Just of snippet of RA as pitchman for the screenings, but there’s also a brief excerpt from the play with RA and Anna. 😀
Yes, I am still here, just dealing with a lot of Real Life Stuff, health-wise, money-wise, etc. I did escape (complete with my big clunky purple cast) for a few days to our beautiful Gulf Coast, the so-called “Redneck Riviera” 😉 to spend time with my two sisters and sort of celebrate all our birthdays together.
Never mind they are in three separate months–September, August and January–celebrate when and where you can, that’s our motto.
It was the first time we had been together in–what, over a year? Haven’t been to the beach in close to two years. Way too long. Sara was her usual gracious self and prepared wonderful food–the Omaha Steaks filet mignon was to die for–while Tony took us out for a couple of memorable meals of Gulf Coast seafood and southern sides.
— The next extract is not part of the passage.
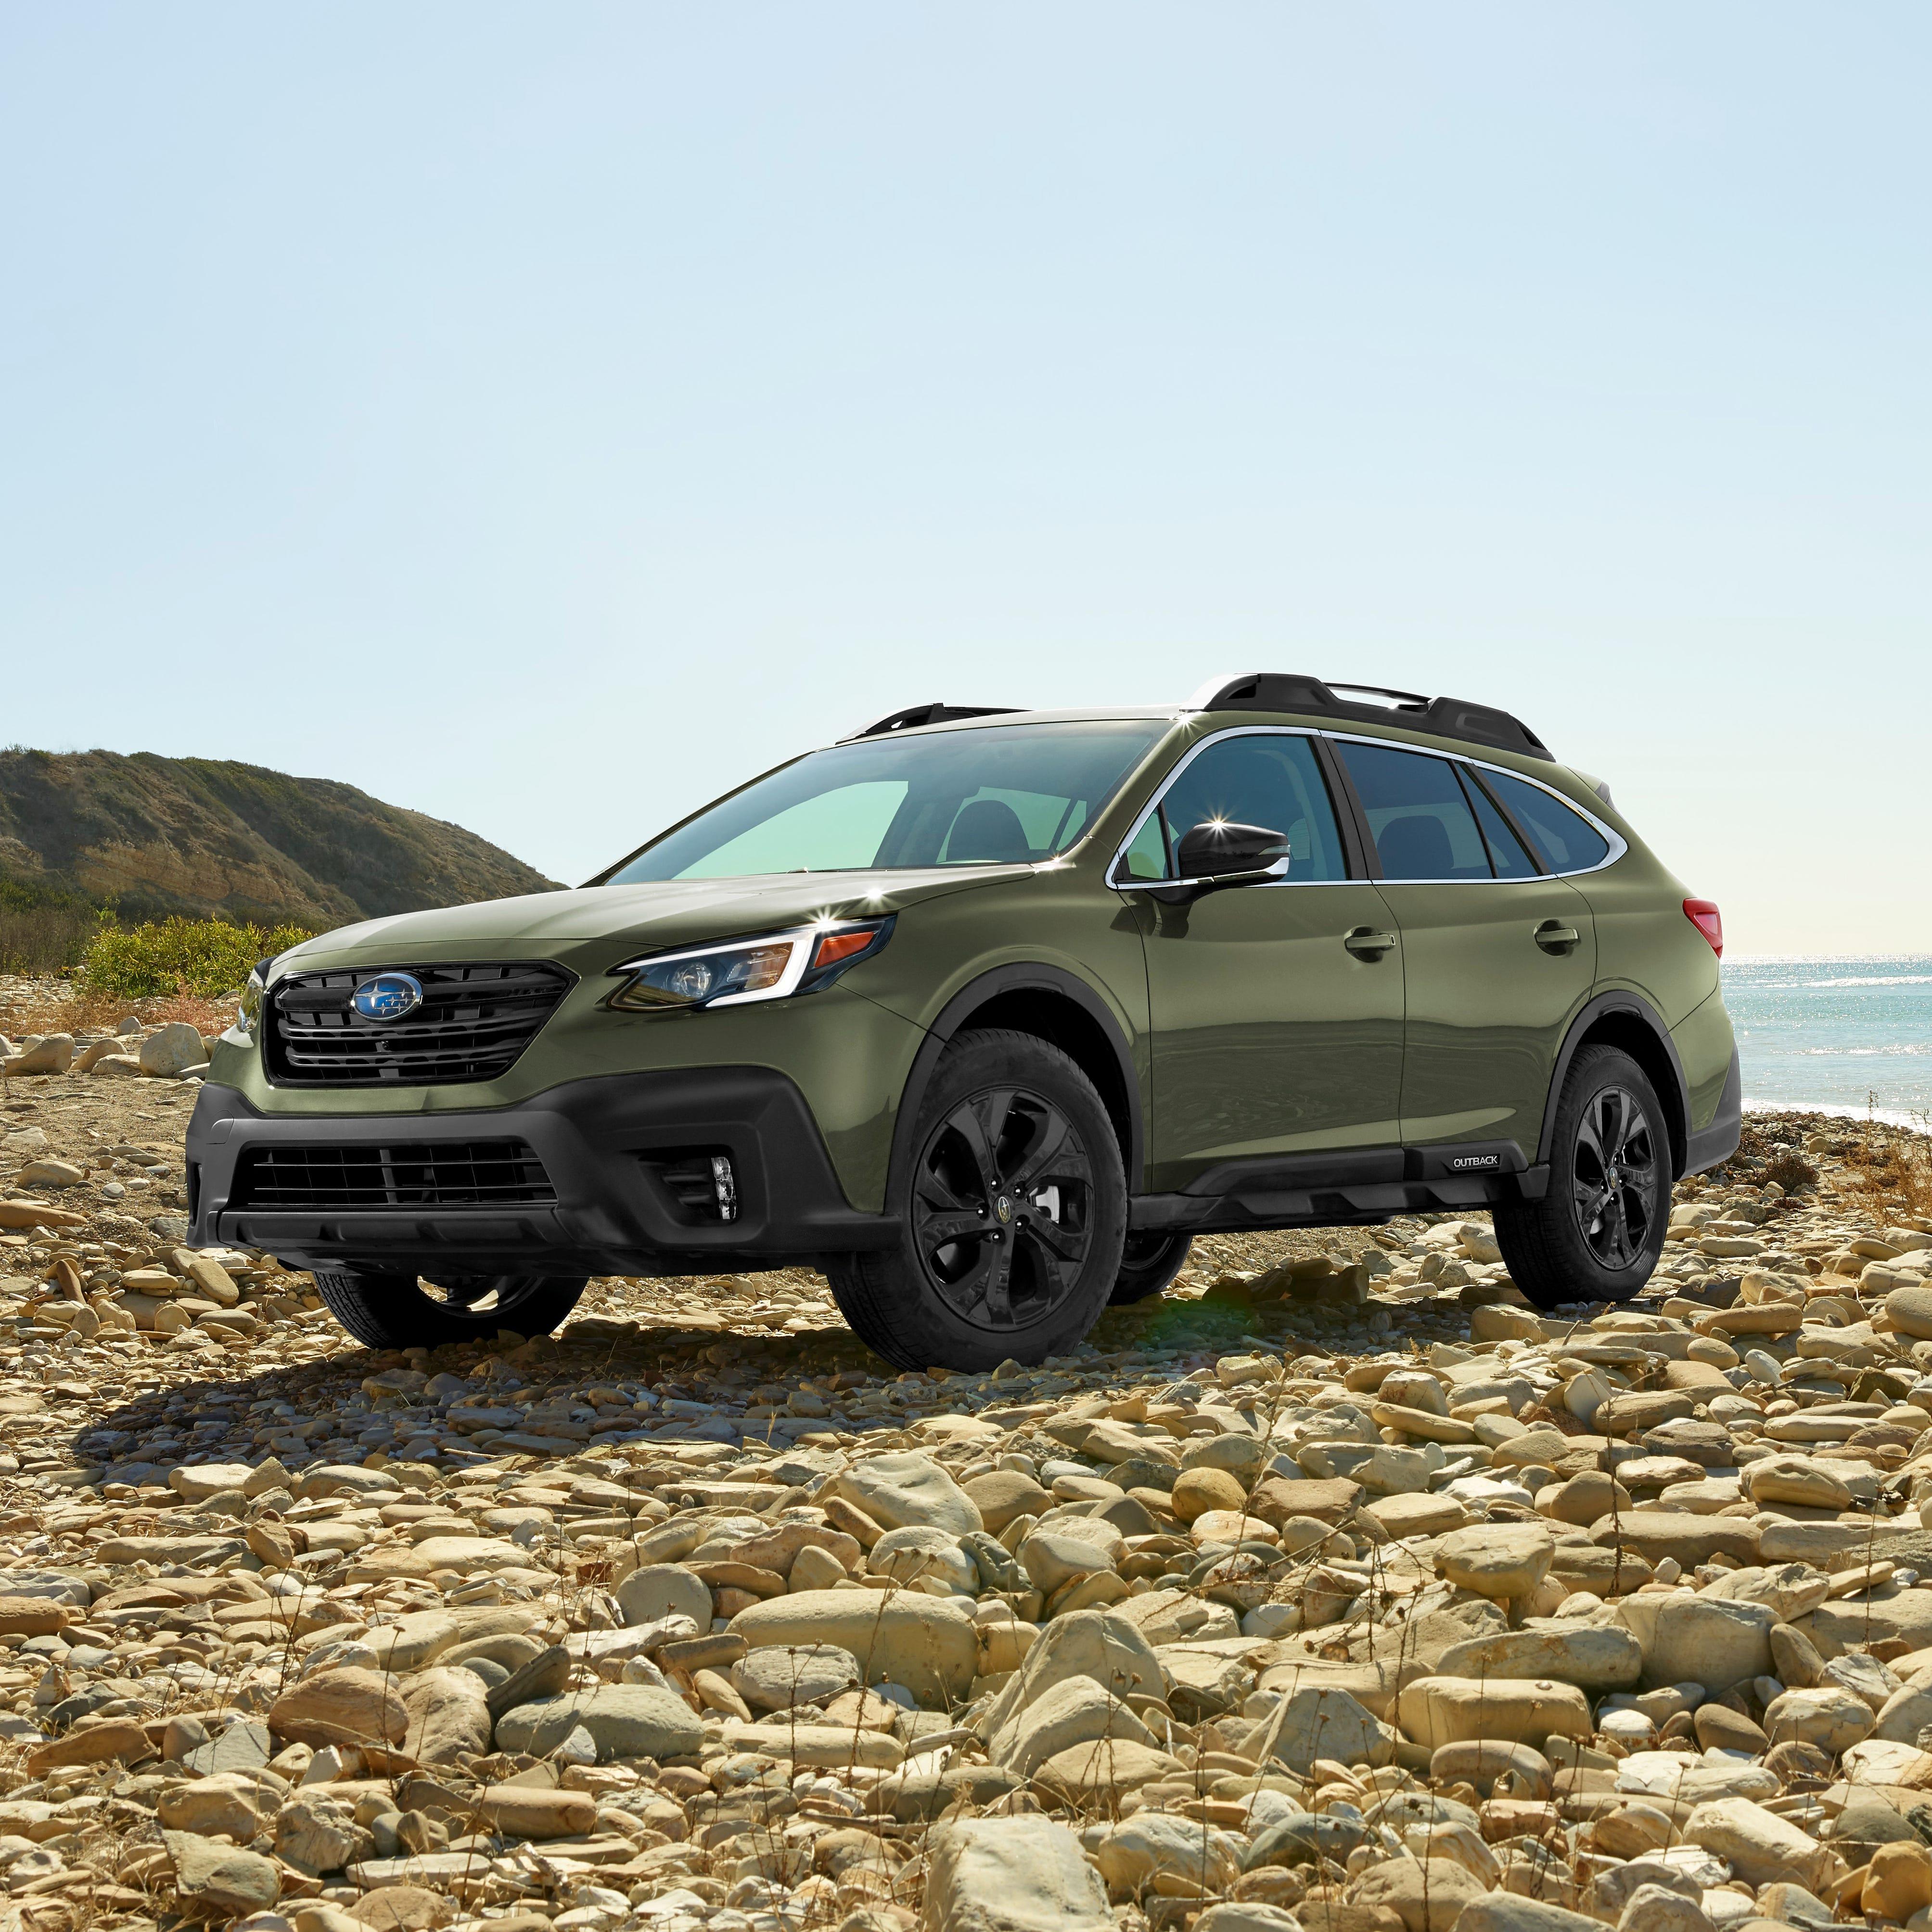 Subaru premieres next-generation 2020 Outback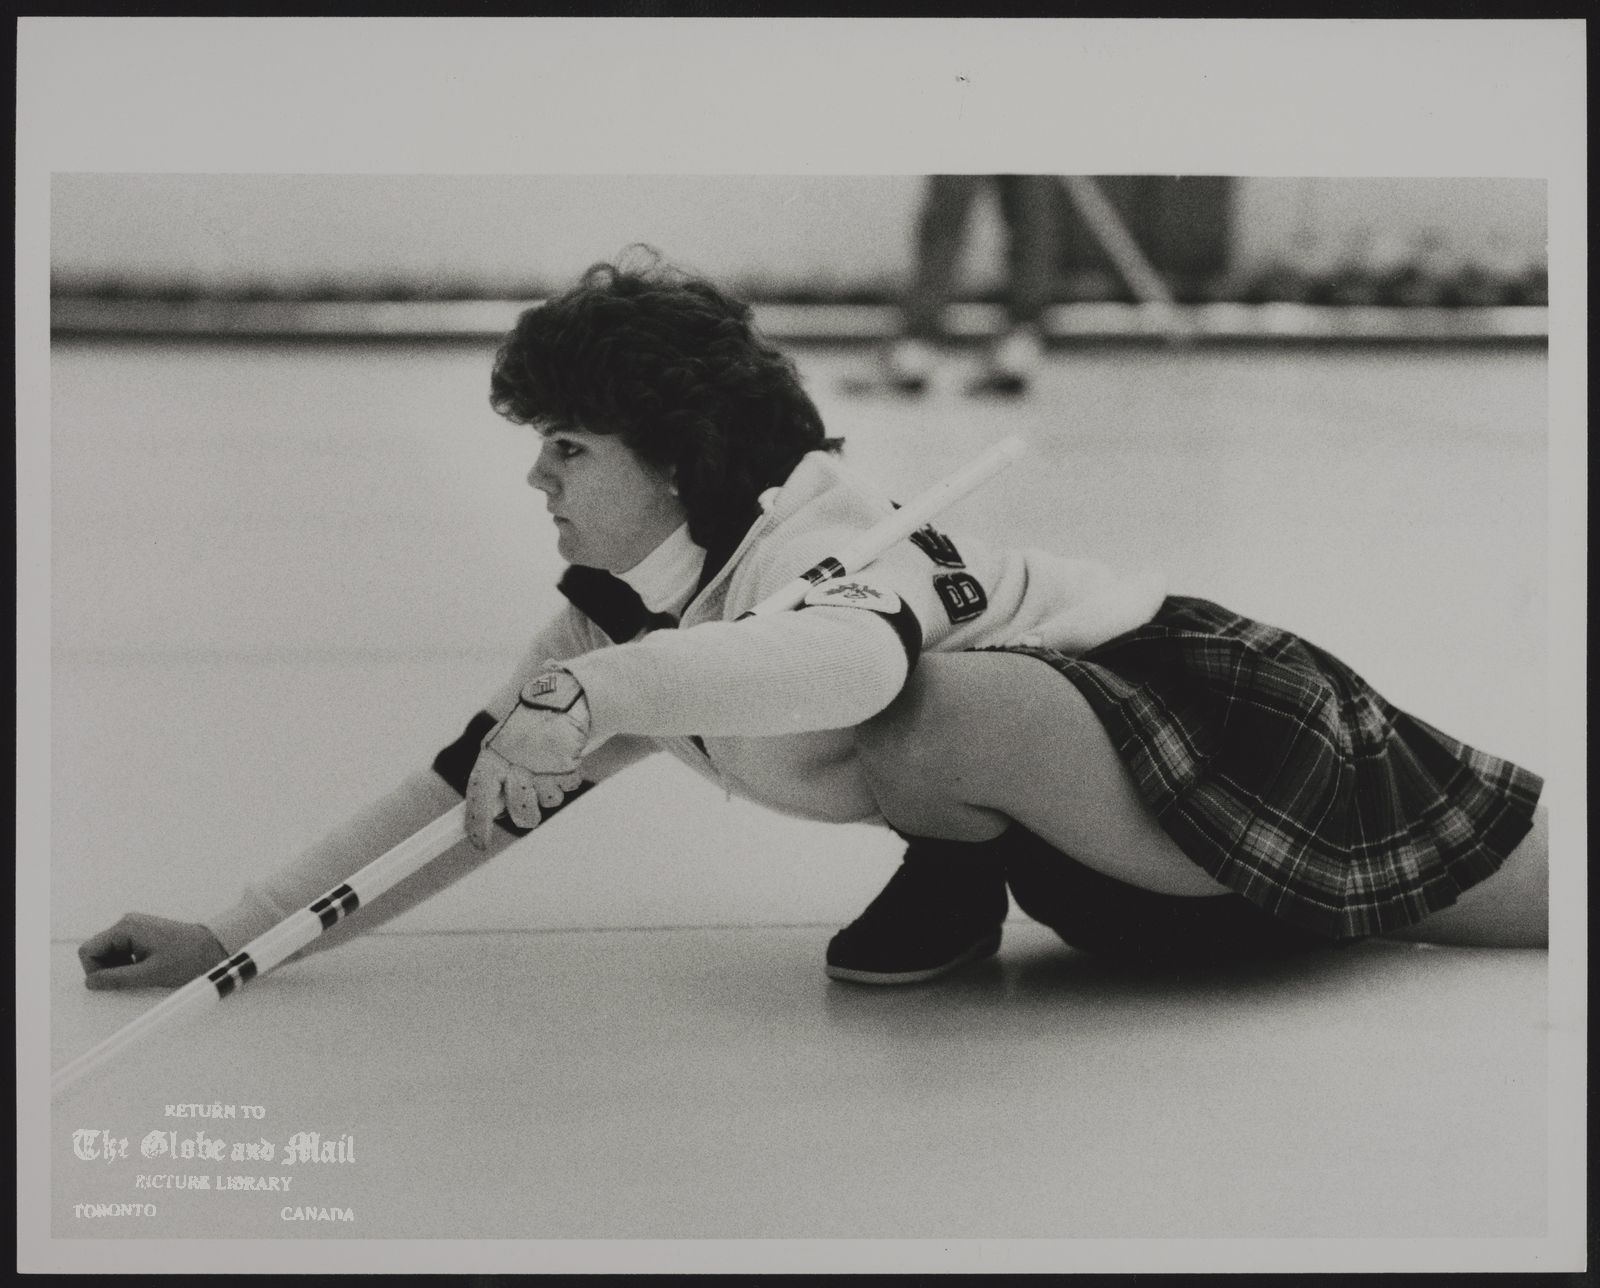 Carol Berringer

Deb had to cut up my food for me, but I managed not to make too much of a mess. 😉 My sisters Deb and Sara on the balcony of Sara’s Orange Beach condo. I never fail to marvel at the sunrises and sunsets when I am down there. Below, Sara sporting the Alabama monogrammed cuff and scarf I gave her as part of her birthday and wearing a shirt from Deb in anticipation of Crimson Tide Game Day; the palms in front of the Phoenix VIII silhouetted against the sky and Sara and her “little” sister, who now towers over her. And there’s the adorable Hannah, my sister’s sweet, sweet little dog. Little things mean a lot, and there are so many things we simply take for granted. I didn’t realize how long it have been since I had enjoyed a refreshing glass of juice until we had the orange-pineapple kind for breakfast on a couple of mornings. My gosh, but that juice was good! I really savored it. That’s one of things that has fallen off our grocery list of late. Too many medical co-pays, too little money, just can’t make it stretch far enough. Some of you know how it goes.
As far as my health issues, the cast is off and the forearm has definitely improved by resting the tendon through forced immobility, just as Chavan hoped. Hooray! However, the wrist is still problematic and I am not dismissing scoping surgery of the wrist in the future. (Come to think of it, my entire body is problematic. I feel like that old fixer-upper in the neighborhood: I’m full of character and a certain charm, but I definitely needs lot of work. Caveat emptor.)
We worked last weekend covering a homecoming dance for PRP and an attack of sciatica nearly did me in. But I survived, as always. I just pay for it over the next several days. C’est la vie. Keeping fingers crossed that everything goes well with tomorrow morning’s assignment for the newspaper. I need the bucks, whenever and however I can make them–within reason, of course. And due to the cast, I am seriously behind on some of my projects. On those all-too-frequent days when I feel overly stressed and bummed out in general, I close my eyes and remember this: And this. And also this. The sugary white sands of Orange Beach, Ala., and the ever-changing blues and greens (not to mention pinks and oranges) of sky and sea. All photos, save the one of Sara and me taken by Deb, are my own.
I’ve got a soft, beautiful cat on my lap, and new books to read and escape into, thanks to Sara’s generous gift of an Amazon card; the birthday cash from Deb helped buy groceries and gas. I have a darling husband who can always make me laugh even when I am low, and two sisters who love and support me in various ways. I’m not where I want to be, exactly, in life, but I am trying to make the best of where I am with what I have. I think this guy would approve (he tends to make me feel better, too, BTW. Edit by Fernanda Matias).